Table 1 Clinical and laboratory features of 94 patients with systemic mastocytosis (SM) included in the study

Owing to the prevalence of indolent/smouldering cases in our cohort, we carried out a 3-tier stratification of patients according to the MAPS clinical and hybrid clinical-molecular model, by gathering patients with 1–2 and 3 to 5 risk factors in 2 categories only (intermediate and high risk, respectively) while patients with no risk factors were included in a low-risk category. Results of the analysis in our cohort excellently validated the performance of the MAPS score, overall resulting in a dramatic separation of patients with dismal overall survival (OS) and event-free survival (EFS) from others with very favorable course (Fig. 1). In particular, both models were able to identify an adverse risk category, with a median OS of only 18.8 months (95% CI, 0.1–48), significantly shorter than the intermediate and low-risk categories (OS not reached in both) (Fig. 1a, c for the clinical-only and hybrid model, respectively); the lack of a significant difference between low- and intermediate-risk patients can reasonably be ascribed to the limited number of events in our cohort mainly including not aggressive forms of SM, as exemplified by separate analysis of indolent/smouldering cases (Fig. 1b, d for the 2 models)

Fig. 1
figure 1

The panels from (ad) illustrate the performance of the Mayo clinical-only score (a, b) and the hybrid clinical-molecular score (c, d) concerning overall survival for: the low, intermediate and high risk category (a, c), and the low and intermediate-risk category only (b, d).
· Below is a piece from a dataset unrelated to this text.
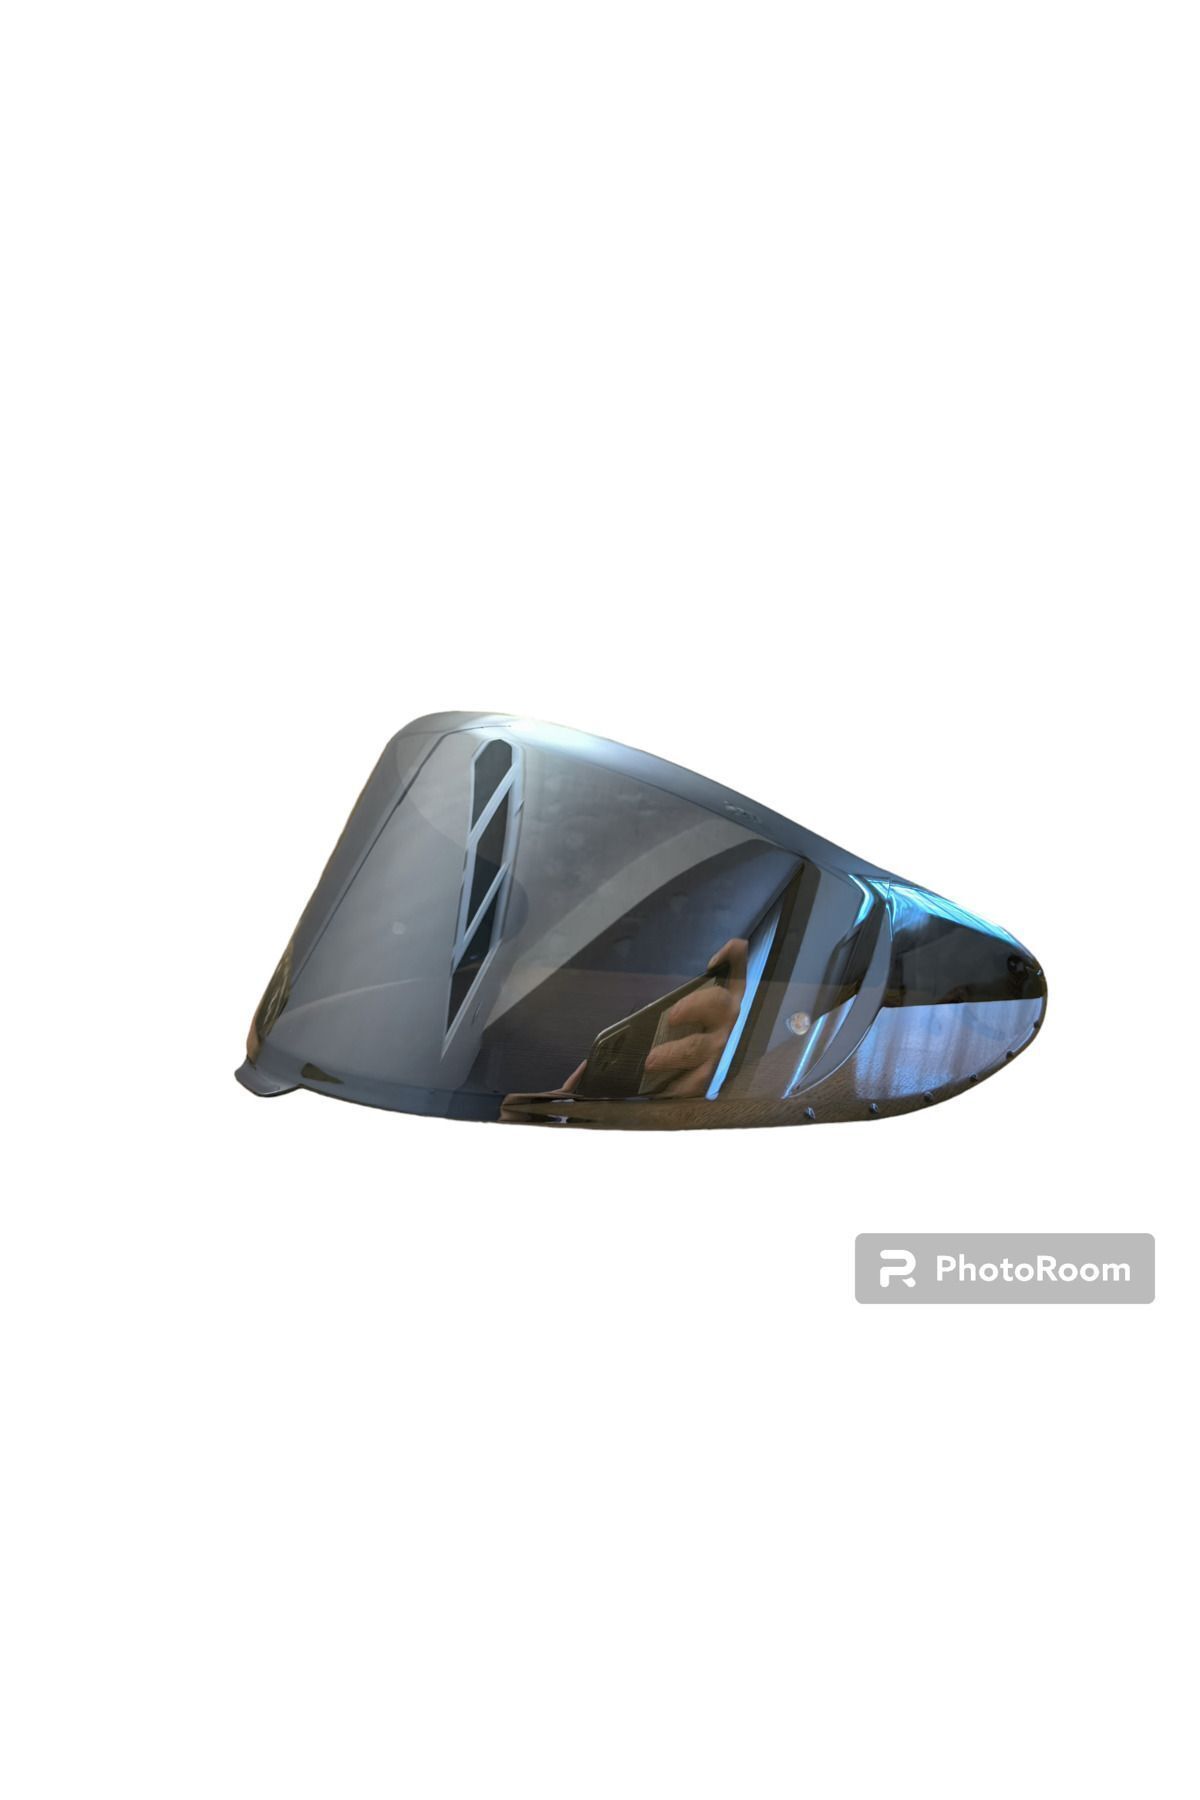 AGV Shoei Nxr 2 & X-spr Pro Uyumlu Kask Vizörü Iridyum Silver (GÜMÜŞ)

The panels from (eh) illustrate the impact of the Mayo scores regarding event-free survival in the different risk categories, as above

We also evaluated performance of the Mayo models using event-free survival (EFS) as an endpoint; events were death and progression from indolent to aggressive variant, that constitutes a major clinical event influencing long term outcome in SM (Fig. 1e–h). As shown in Fig. 1, the clinical-only model allowed prediction of shorter EFS in the entire cohort (P = 0.053; Fig. 1e) and, notably, in the indolent/smouldering cases (Fig. 1f; P = 0.048). The performance of the hybrid model at this regard was suboptimal, as it might be anticipated by the combined effects of limited number of cases and events (Fig. 1g, h).
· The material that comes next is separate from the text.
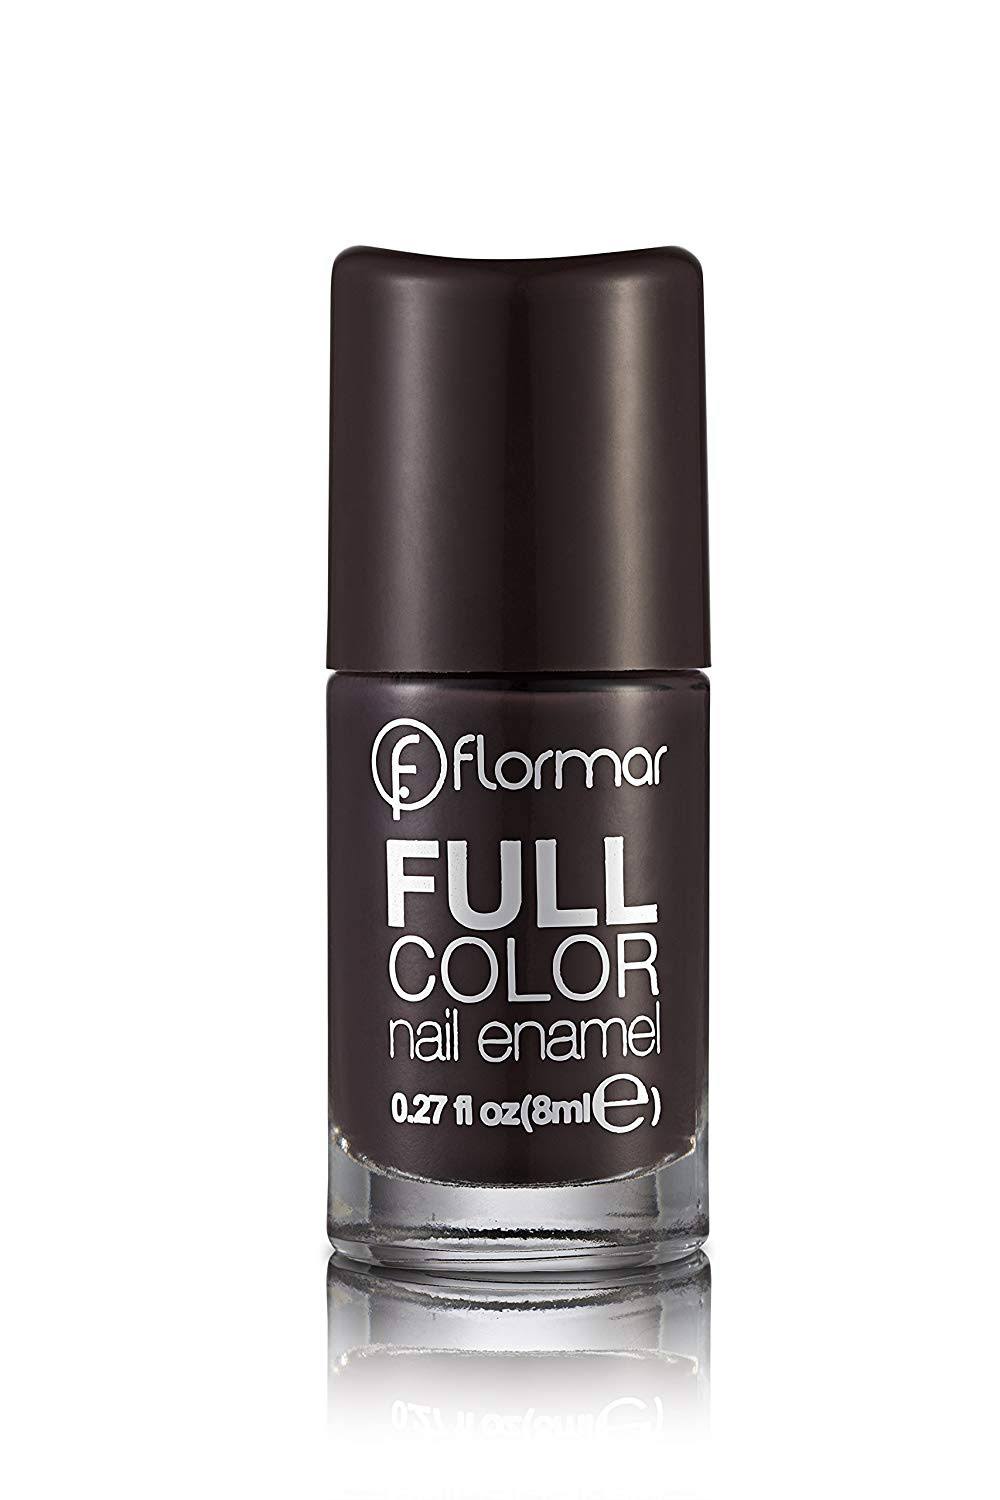 Flormar Full Color Nail Enamel - FC44 Tropic Brown, 8ml

In conclusion, this analysis allowed to confirm the general validity of risk stratification of patients with systemic mastocytosis according to the newly developed Mayo models; furthermore, we revealed its performance in predicting prognosis of intermediate category’ patients, especially using the clinical model. The proportionality between risk factors and outcome reaffirms the proof-of-principle underneath Mayo model.
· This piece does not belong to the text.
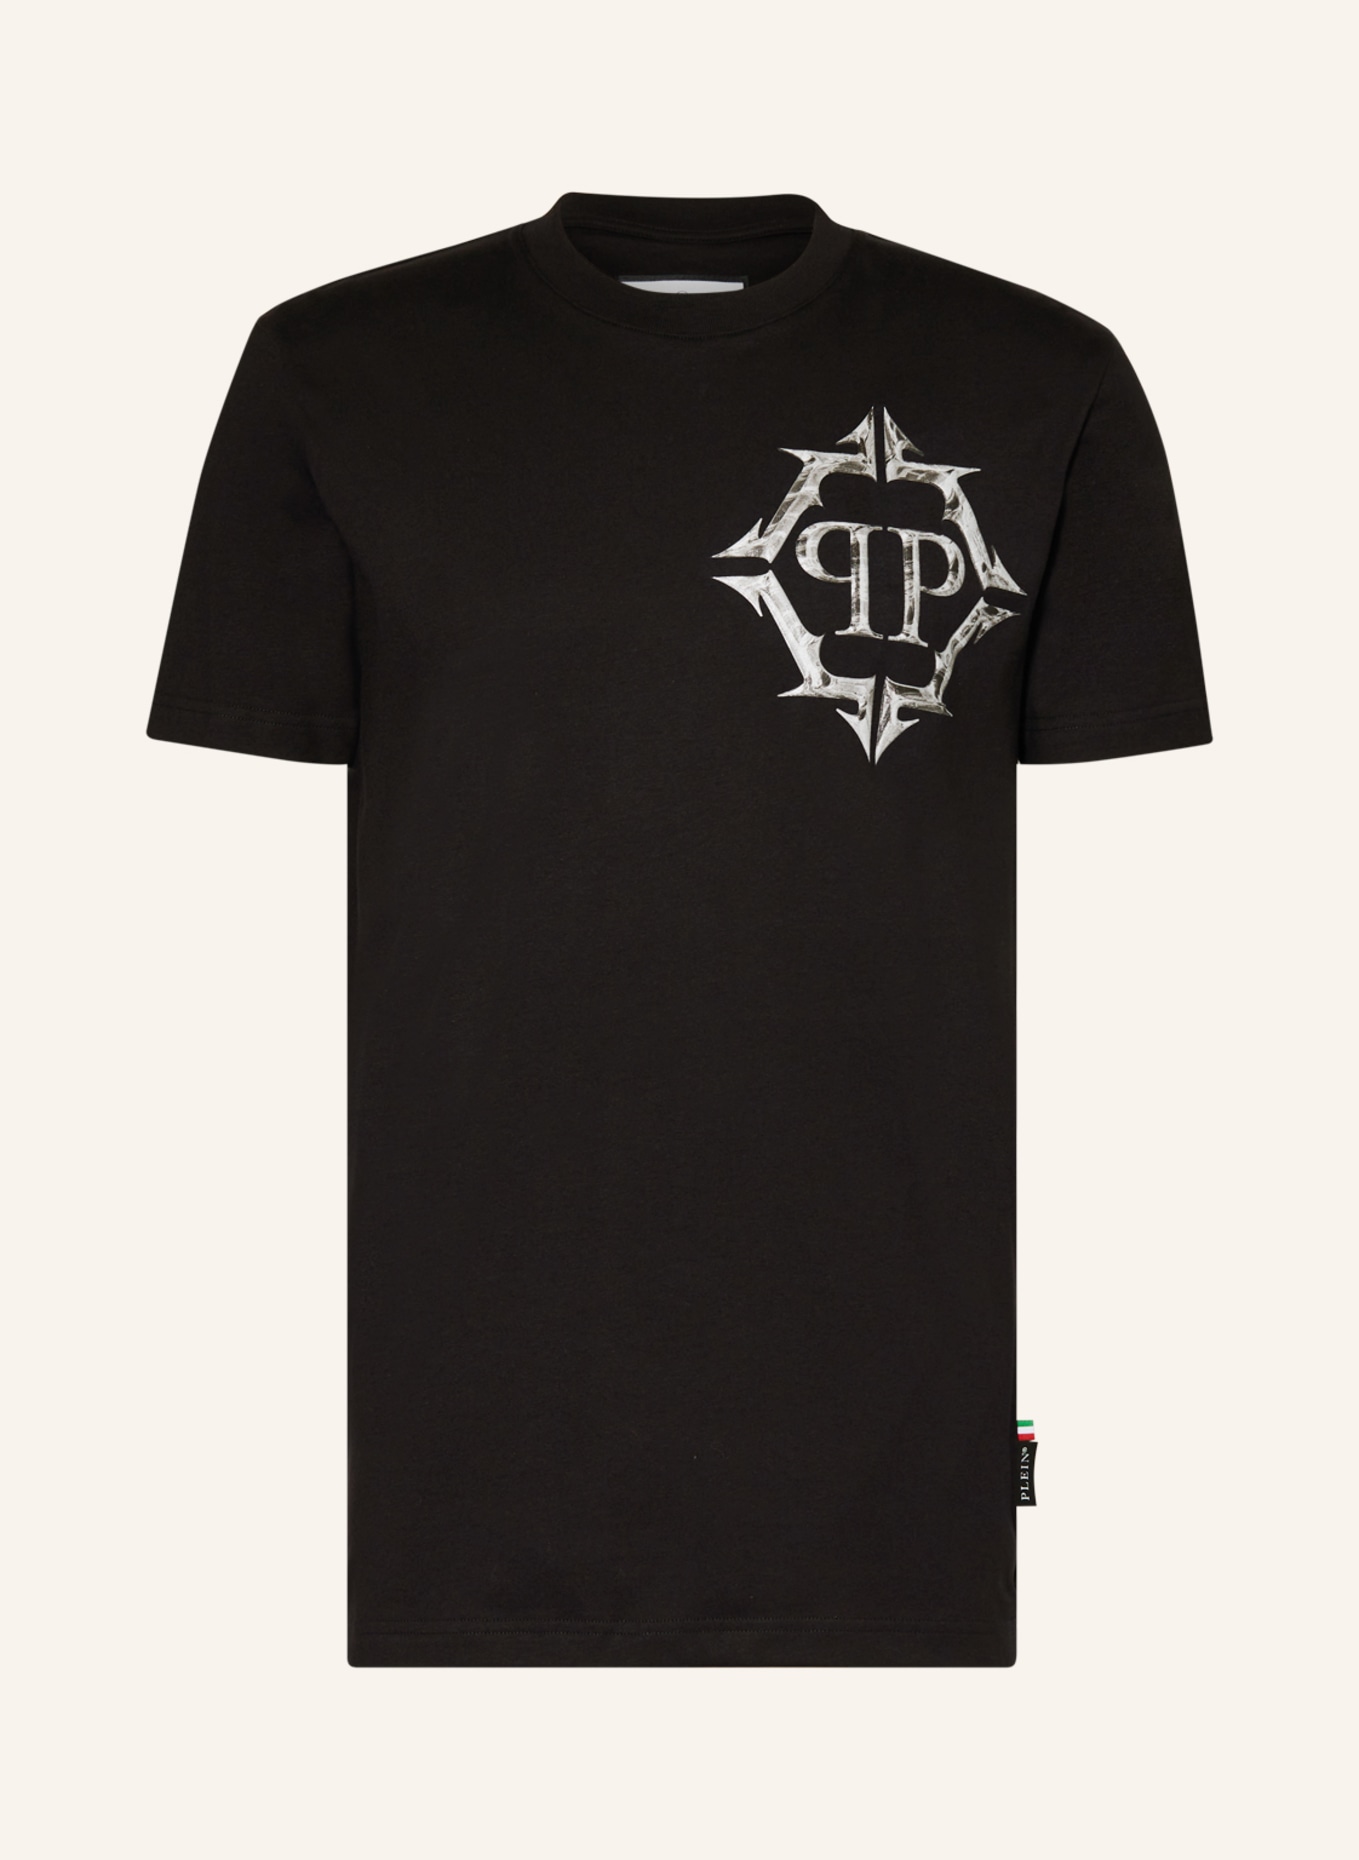 PHILIPP PLEIN T-shirt, Color: BLACK (Image 1)

The easy and prompt attainability of parameters included in the clinical model makes this particularly suitable for routine patients’ management. The use of the hybrid clinical-molecular model might be currently reserved to younger patients, where stem cell transplantation is an option, and should be definitely incorporated in clinical trials; also, it will be important to prospectively validate its performance in the era of new targeted agents like midostaurin12. It is also conceivable that further insights into the mutation landscape of SM patients might lead to improvement of the hybrid clinical-molecular score, and making it more widely available and enhancing its performance.